Si la voix et la section rythmique sont difficilement prises à défaut sur cet album, la basse étant d'ailleurs omniprésente, les guitares, elles, bien qu’exécutant leurs parties avec un extrême sérieux, paraissent toutefois tourner un peu en rond au fil des titres. L’on jurerait avoir déjà entendu tel riff ou tel solo ailleurs, sur d’autres albums d’autres groupes, ce qui, sans se rendre coupable de plagiat (on en est loin !) laisse toutefois le sentiment d’une perte d’inspiration. Certains se laissent écouter mais aussi oublier à peine le disque achevé, alors qu’ils ont été conçus, comme tout bon morceau de Power héroïque, pour rentrer dans les caboches et s’y creuser une place durable. C'est le cas de "The Tale Of Deathface Ginny", par exemple, ou de "Hollow", deux titres tout à fait anecdotiques, d'autant plus qu'ils se trouvent coincés au milieu de véritables réussites dont l’air persiste bien après l'écoute.
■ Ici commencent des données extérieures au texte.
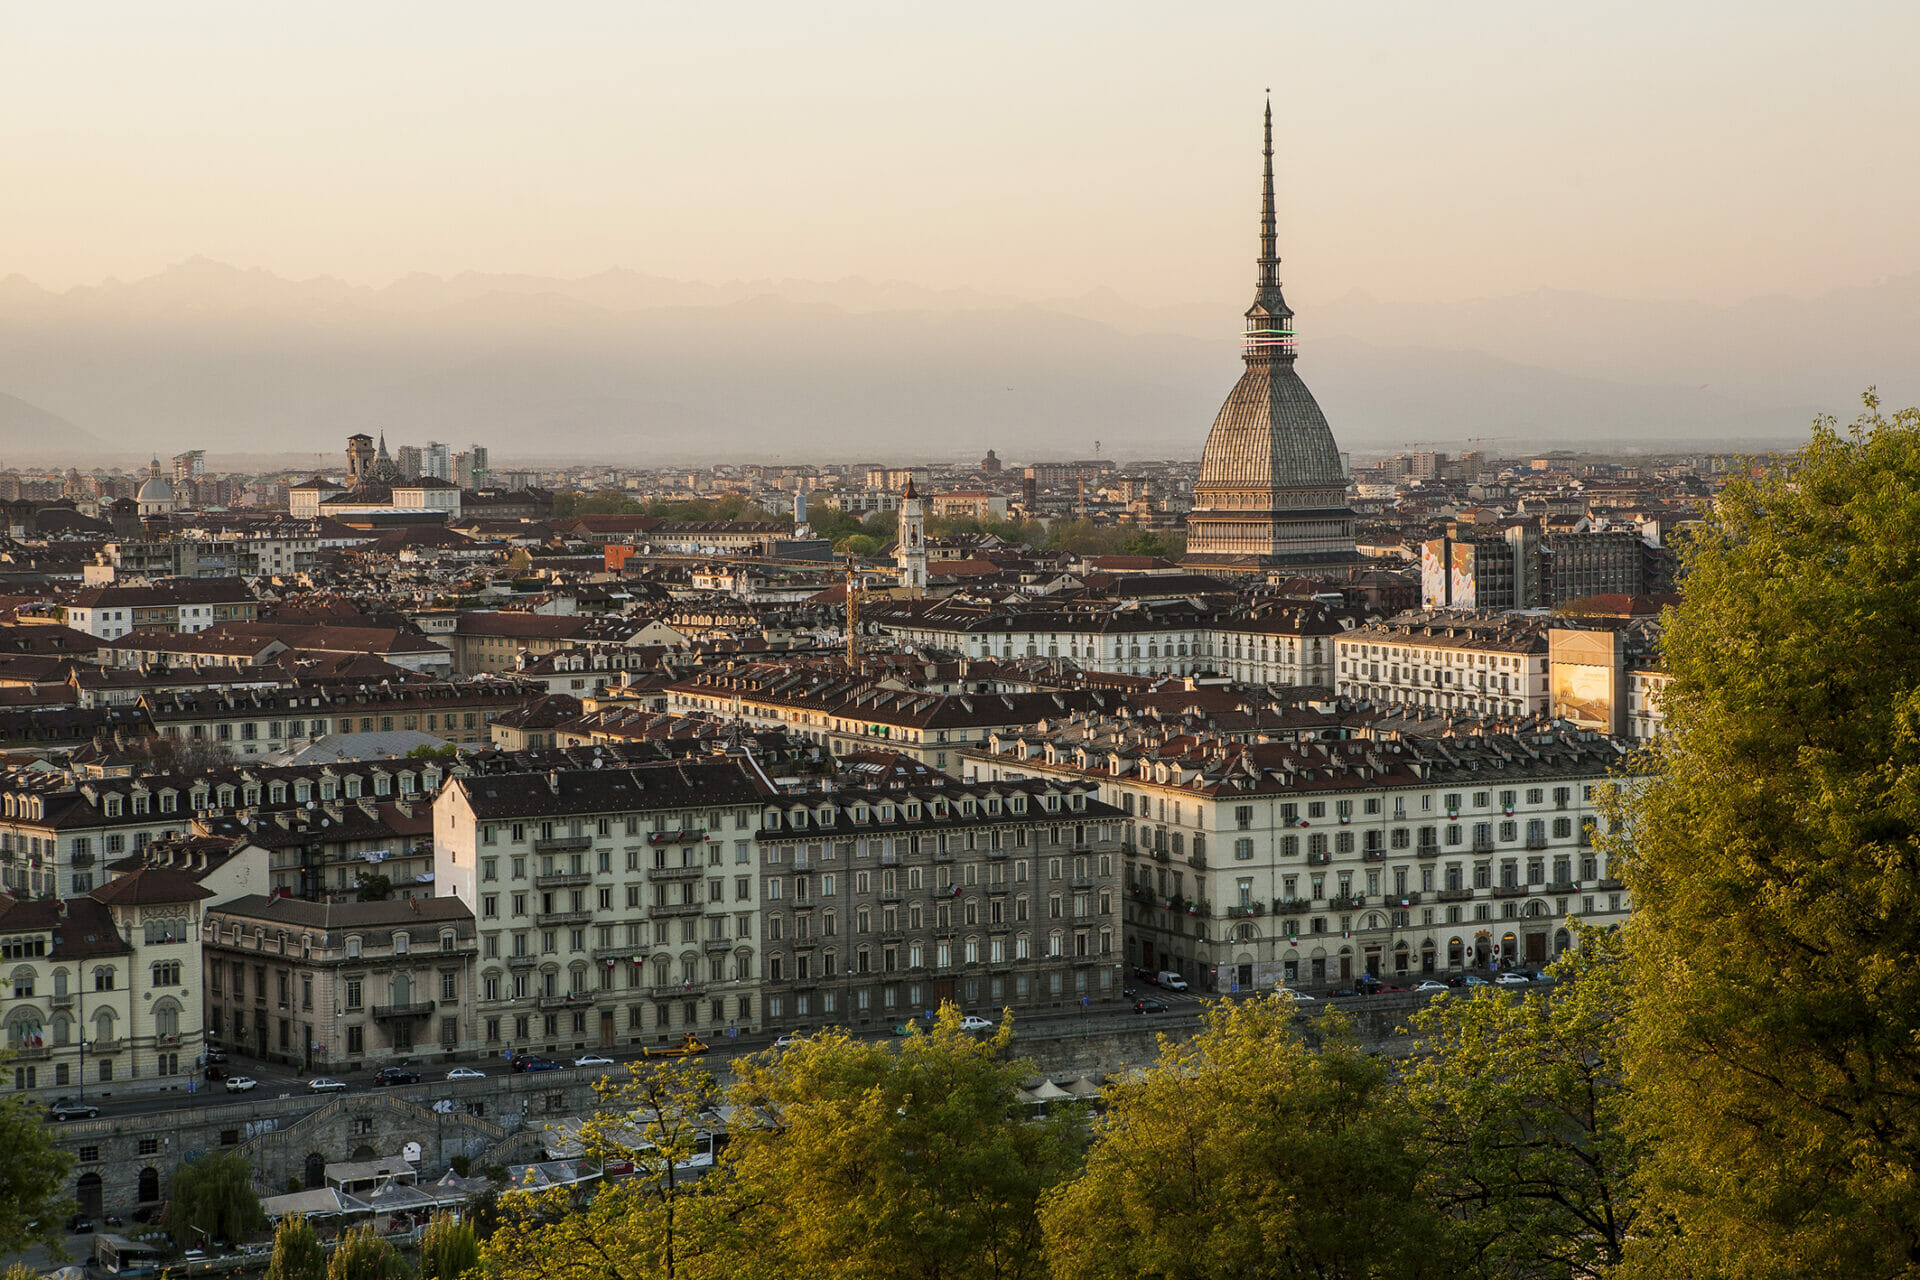 A view of Turin from above - courtesy Carlo Avataneo

Le souci de SEVEN KINGDOMS avec "Decennium" réside dans un manque certain de variété dans le tempo mais aussi dans l’originalité des mélodies. Le groupe peut se montrer extrêmement emballant sur un titre et donner l’impression d'être en mode Power automatique sur le suivant. De manière générale, d’ailleurs, SEVEN KINGDOMS n'est pas l'ami des changements de rythme sur ce quatrième opus, laissant la porte ouverte à une légère mais indésirable lassitude. Ce qui constitue un réel obstacle à l'éclate intégrale que l’album devrait générer. Reste un disque tout de même efficace, fidèle aux canons d'écriture et de composition que le groupe s’est fixés sur ses précédents albums studio, et offrant néanmoins une bonne dose d'héroïsme musical comme on l’aime chez NIME.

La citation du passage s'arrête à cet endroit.